L’ordre divin est étrange : si l’incident est consigné par écrit « pour mémoire », comment le souvenir de l’adversaire pourra-t-il être effacé ? Il y a là un paradoxe à tenir. Il importe de se souvenir de cette bataille pour ce qu’elle signifie, à savoir que s’en remettre à Dieu est la clé de la victoire face aux agressions. Mais il importe tout autant d’effacer le souvenir de l’agresseur car il a été seulement l’occasion de la leçon dont il faut se souvenir. Dans sa réaction, Moïse écho successivement à chacune des deux parties de ce que le Seigneur lui a dit. D’une part, en mémoire de l’intervention salvatrice de ce Dieu, il érige un autel dont le nom rappelle le bâton levé comme un étendard de liberté. D’autre part, interprétant la seconde partie de la parole divine, il affirme que l’agression dont Israël a été l’objet était dirigée en réalité contre le Seigneur dont Amaleq défiait la souveraineté sur son peuple. C’est pourquoi – c’est du moins ce que Moïse comprend alors – Dieu déclare la guerre à Amaleq et à ceux qui, comme lui, ont cette prétention.

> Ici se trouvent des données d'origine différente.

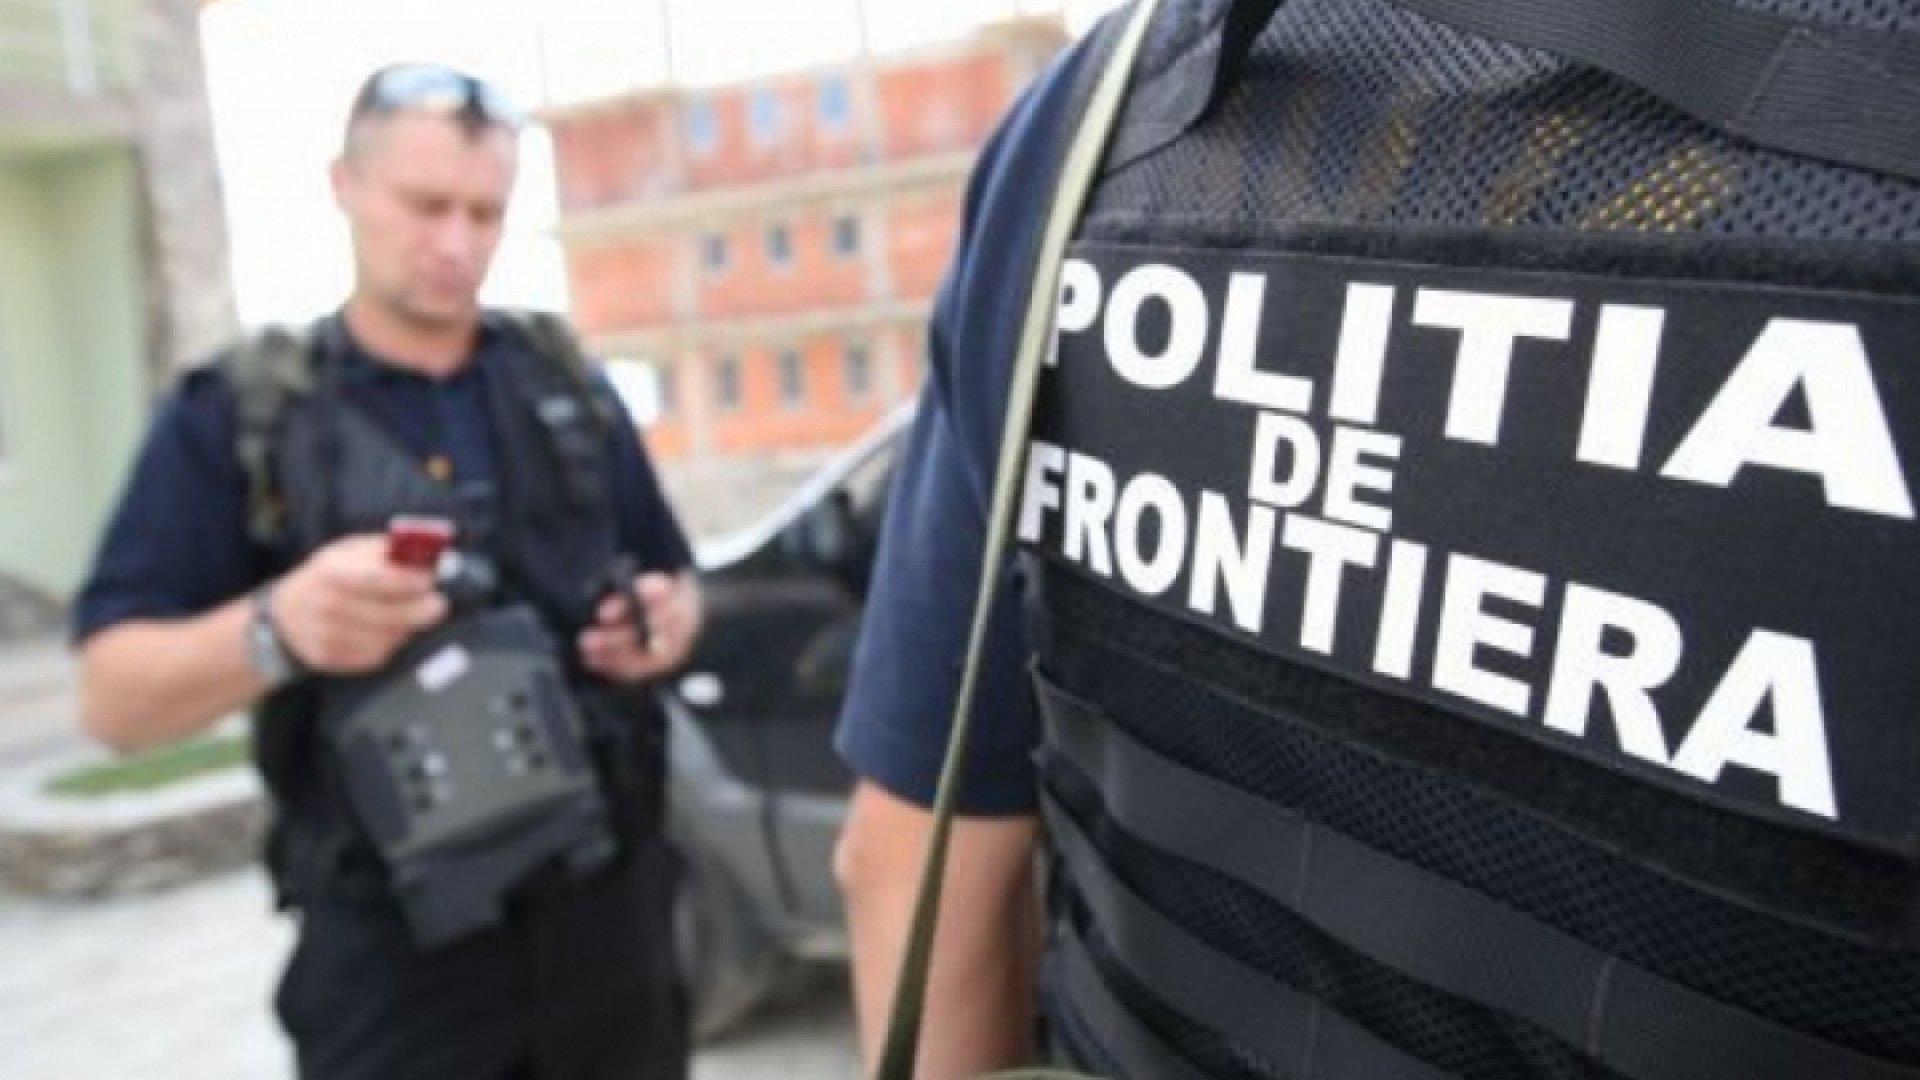 În perioada sărbătorilor de iarnă poliția de frontieră vor activa în regim special

Attention : Dieu, pas Israël ! Pourtant, rappelant l’incident 40 ans plus tard, Moïse dira aux Israélites qu’ils sont le bras armé de Dieu (comme quoi, même les « hommes de Dieu » ne sont pas les derniers à trahir ce qu’ils sont censés servir et à corriger Dieu à l’occasion) : »Souviens-toi de ce que t’a fait Amaleq quand vous étiez en route en sortant d’Égypte… Lorsque le Seigneur ton dieu, t'aura accordé le repos loin de tous les ennemis alentour dans le pays qu'il te donne en héritage pour que tu en prennes possession, tu effaceras le souvenir d'Amaleq de dessous le ciel. N'oublie jamais !« (Deutéronome 25,17.19). Une rhétorique guerrière à laquelle le premier ministre de l’État d’Israël a fait écho en octobre 2023 : en citant la première phrase du texte biblique, il assimilait l’ennemi sanguinaire du moment à Amaleq. Il s’est défendu alors de donner à penser qu’un génocide s’imposait. Deux ans plus tard, on jugera sur pièce.